One of the things I’m most proud of about Auburn is our progressiveness—and not just for the sake of being progressive, but progressiveness that’s purposeful and supported with sound business practices. Auburn’s fiber optic infrastructure is the perfect example of this. The first fiber cables – flexible transparent fibers made from glass and about as thick as a strand of hair – were laid by Auburn Electric in 1985. These fibers are able to transmit vast amounts of data from one location to another, and the city’s leaders at the time had the foresight to understand the capabilities this innovative cable would offer, including higher-speed communications and improved efficiencies of electric substations—not to mention better management of the demand for (and cost of) energy.

Today, 25 years later, we’ve laid fiber throughout 50 percent of our community and electric territory, creating a huge interconnected network of possibilities and value. With tremendous throughput capacity, this advanced technology currently allows us to monitor and manage the city’s electrical usage at the sub-stations, as well as provide Internet and phone service. In the near future, television programming and Smart Grid functions, (Details in a future blog) will be available to businesses and residents of Auburn. Generally, such an advanced network is only found in larger communities.

Even more, this infrastructure has been steadily constructed—and at zero debt. We’ve operated “lean and mean” as not to make a mistake that befalls too many cities across America: unnecessary debt. We’re proud of the fact that we’ve been wise with your ratepayer money.

Now, the time has come to finish construction. Demand is high and, given the number of services delivered via the network today, the sooner it’s completed, the more affordable each service becomes. The opposite is true as well. If we don’t complete it in the near future, we’re actually hampering our ability to build a large, long-term customer base—and maintain cost-effective quality services.

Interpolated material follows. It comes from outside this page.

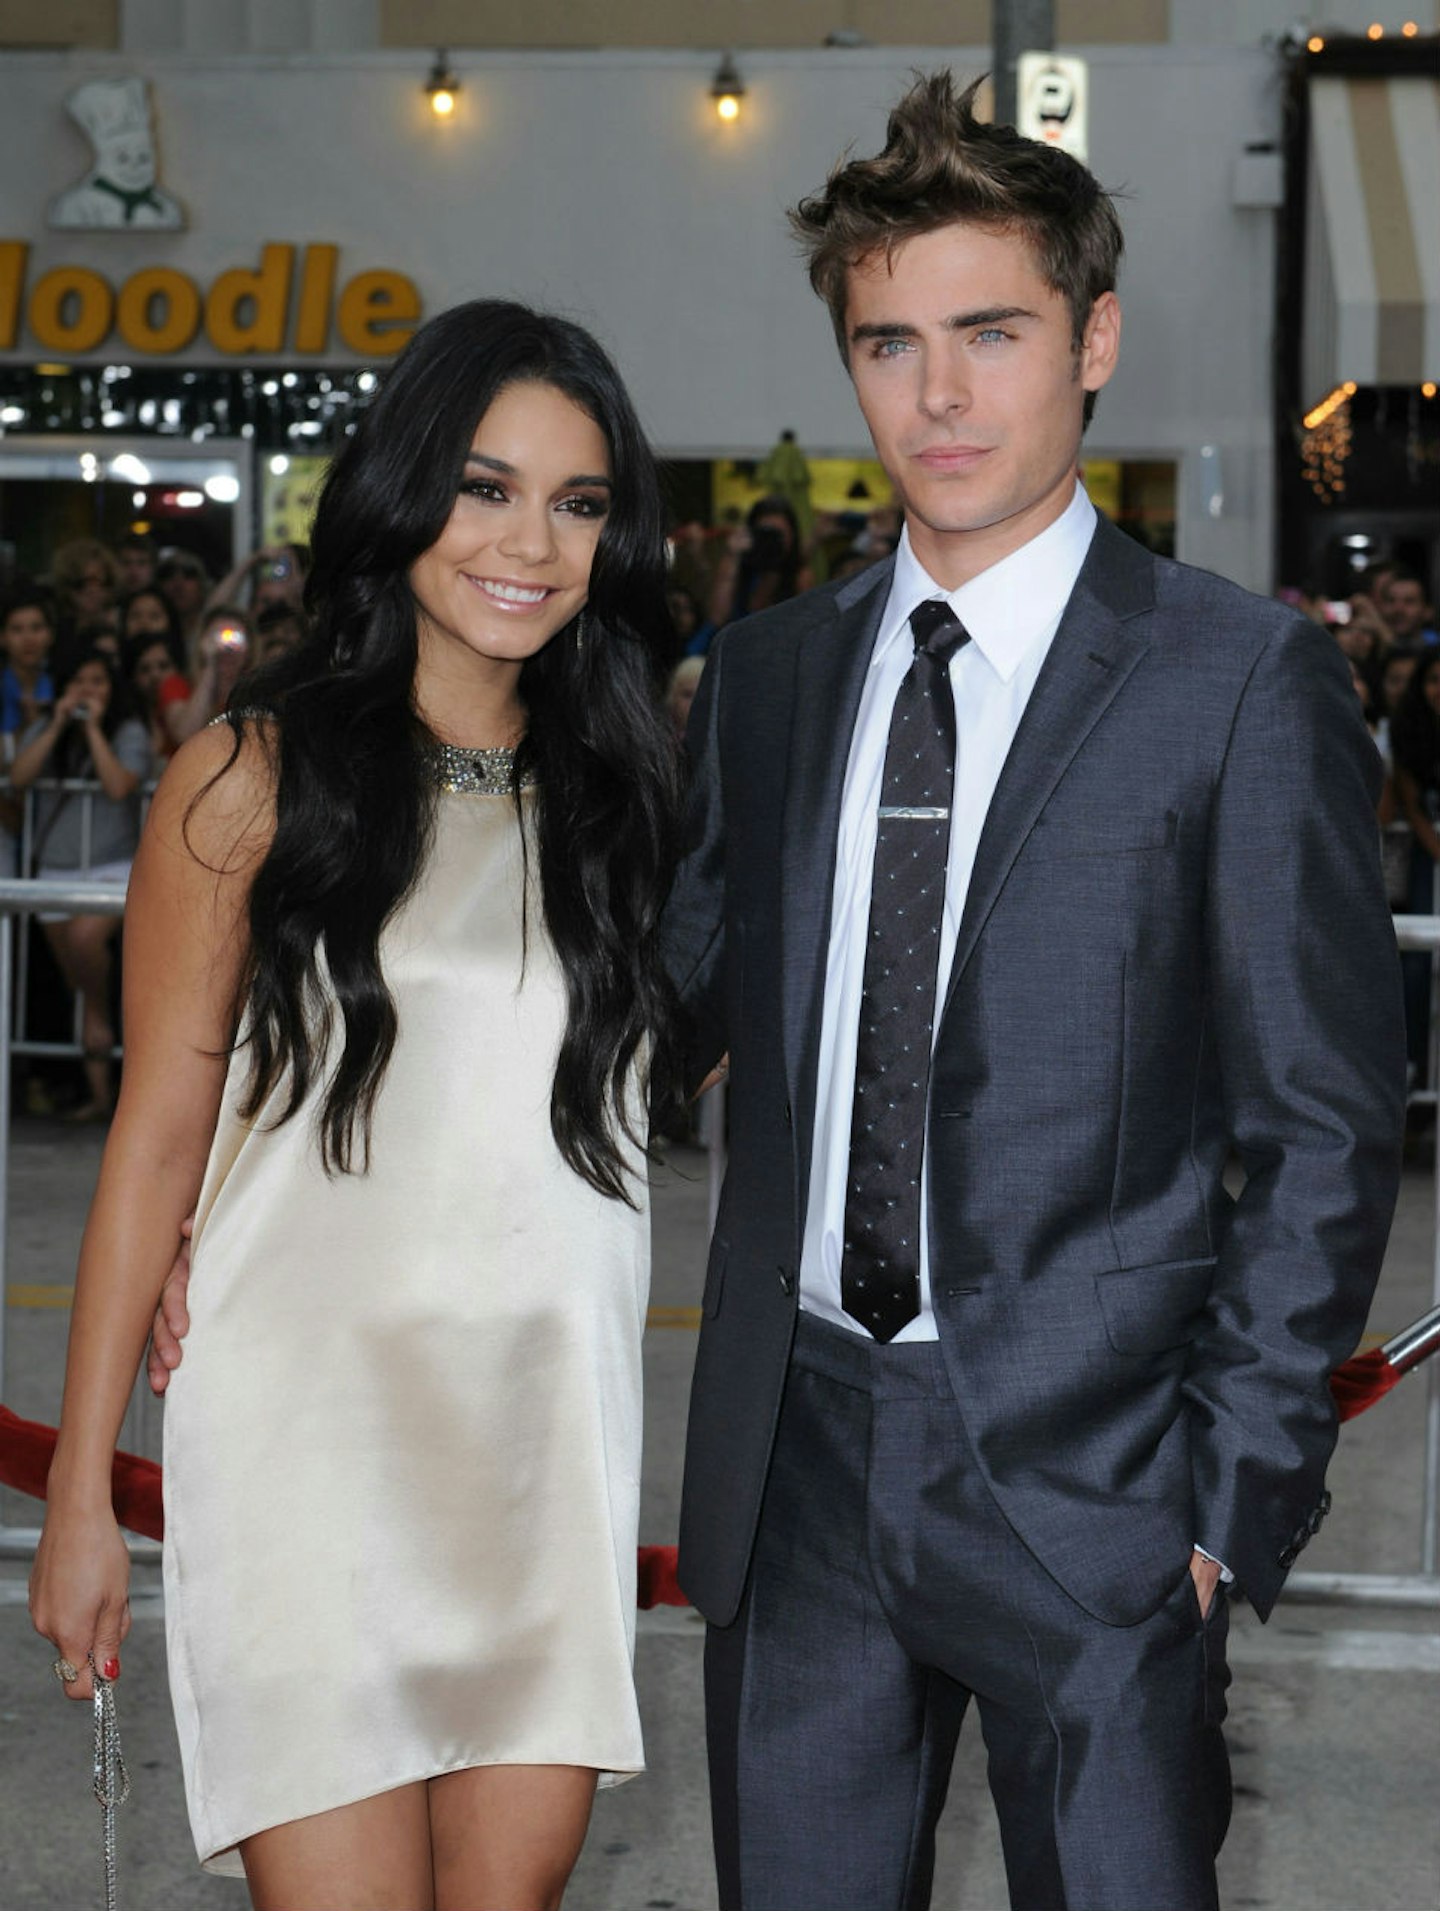 Vanessa with Zac in 2010.

For this reason, we’ve decided to take on a modest loan in the amount of $4 million—a fraction of the original project total cost planned in 2005 ($18.65 million), I might add. With a financially sound budget and a solid cash flow – which will enable us to pay the loan back within a reasonable term – we determined the debt was smart from both a business and a community perspective.

We’ll be able to close this project up, meet customer demand, drive higher volumes for all AES services and, most of all, position us to compete in the global economy. All very progressive… and purposeful.